Let $A$ be an $n \times n$ upper triangular matrix with integer entries and all diagonal entries are $1$
Prove / Disprove: $A^{-1}$ is not a power of $A$ unless $A$ is the identity matrix
I only know $A^{-1}$ exists and of course, it has all integer entries.
Any help?
On
Hint: work out the $2 \times 2$ and $3 \times 3$ cases by hand (i.e., assume your matrix is $$ A = \begin{bmatrix} 1 & a \\ 0 & 1 \end{bmatrix} $$ and its inverse is $$ A^{-1} = \begin{bmatrix} 1 & c \\ 0 & 1 \end{bmatrix} $$ and see what you can conclude about $a$ and $c$.
On
Hint: It is enough to prove that $A^m=I$ implies $A=I$. Write $A=I+N$ with $N$ nilpotent. Then $A^m$ is easy to compute using the binomial theorem.
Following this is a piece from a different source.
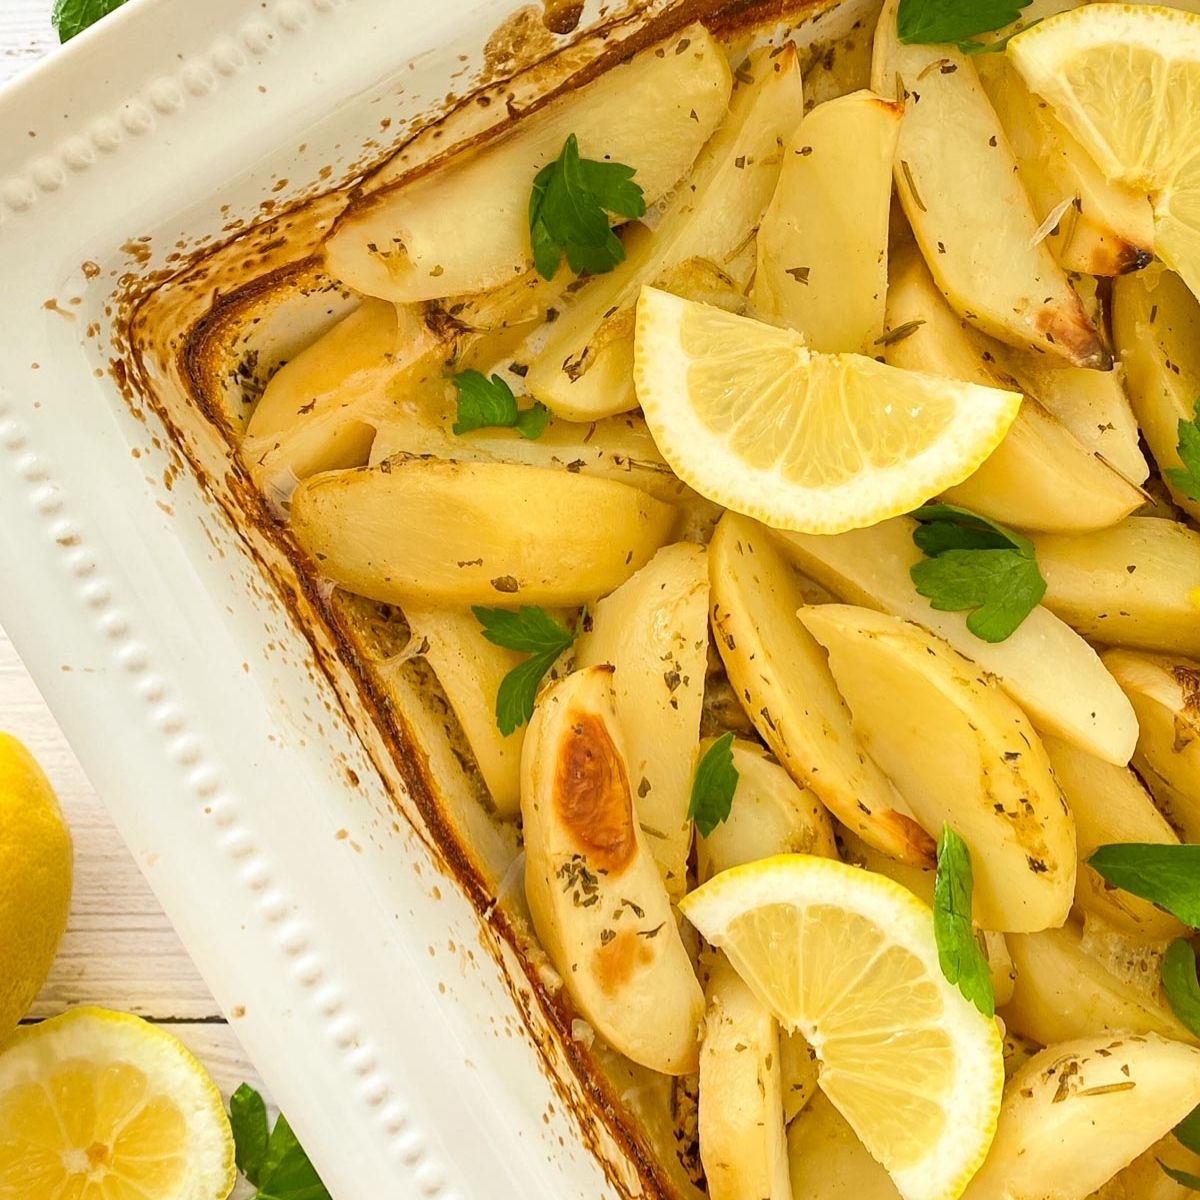 Roasted potatoes in white tray with lemon wedges and parsley garnish.

Argue that $A^m=I$ implies $N=0$ by considering the diagonals of $N$. For instance, the secondary diagonal of $A^m$ is $m$ times the secondary diagonal of $N$.
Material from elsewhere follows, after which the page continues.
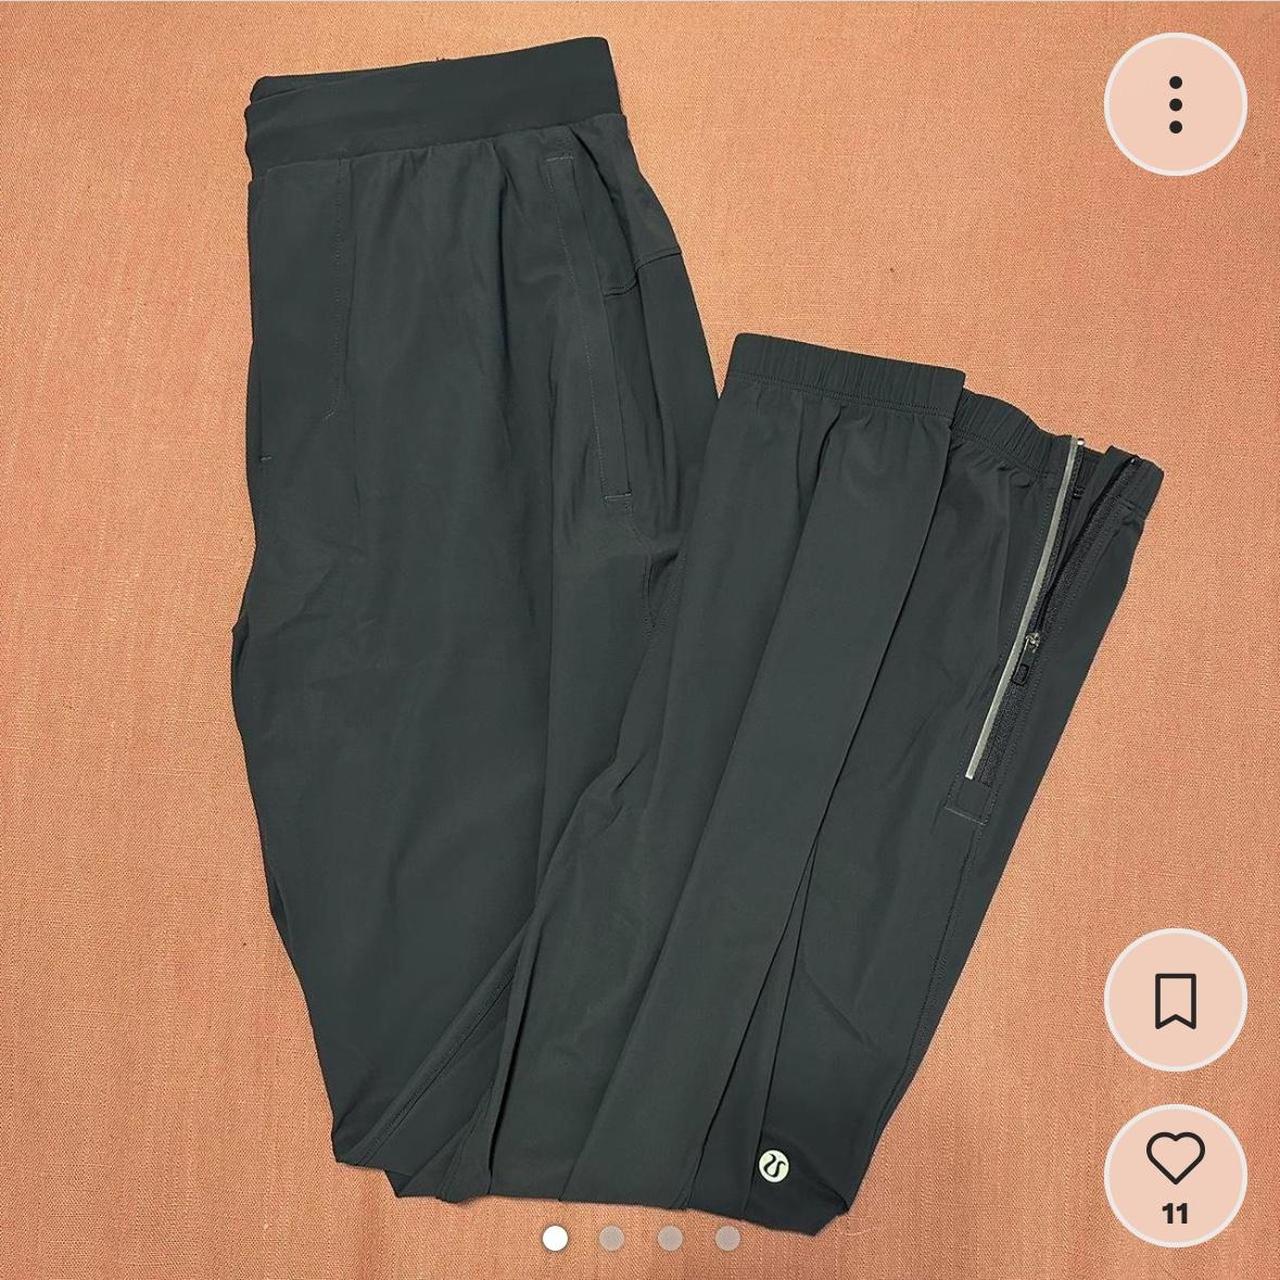 Lululemon Men's Surge Jogger Various Color and Size New with Tag

Denote $A=I+N$ where $N$ is some nilpotent non-zero upper triangular matrix and suppose $A^{-1}=(I+N)^k$.
Then it should be $(I+N)^{k+1}=I$ and then with the use of of binomial formula $a_1N+a_2N^2+\dots+ a_{k+1}N^{k+1} =0 $
$N(a_1I+a_2N +\dots+ a_{k+1}N^ k) =0$
but $B=a_1I+a_2N +\dots+ a_{k+1}N^ k$ is full rank matrix and $N$ in nonzero matrix so it is impossible to be $NB=0$.
So $N$ must be $0$.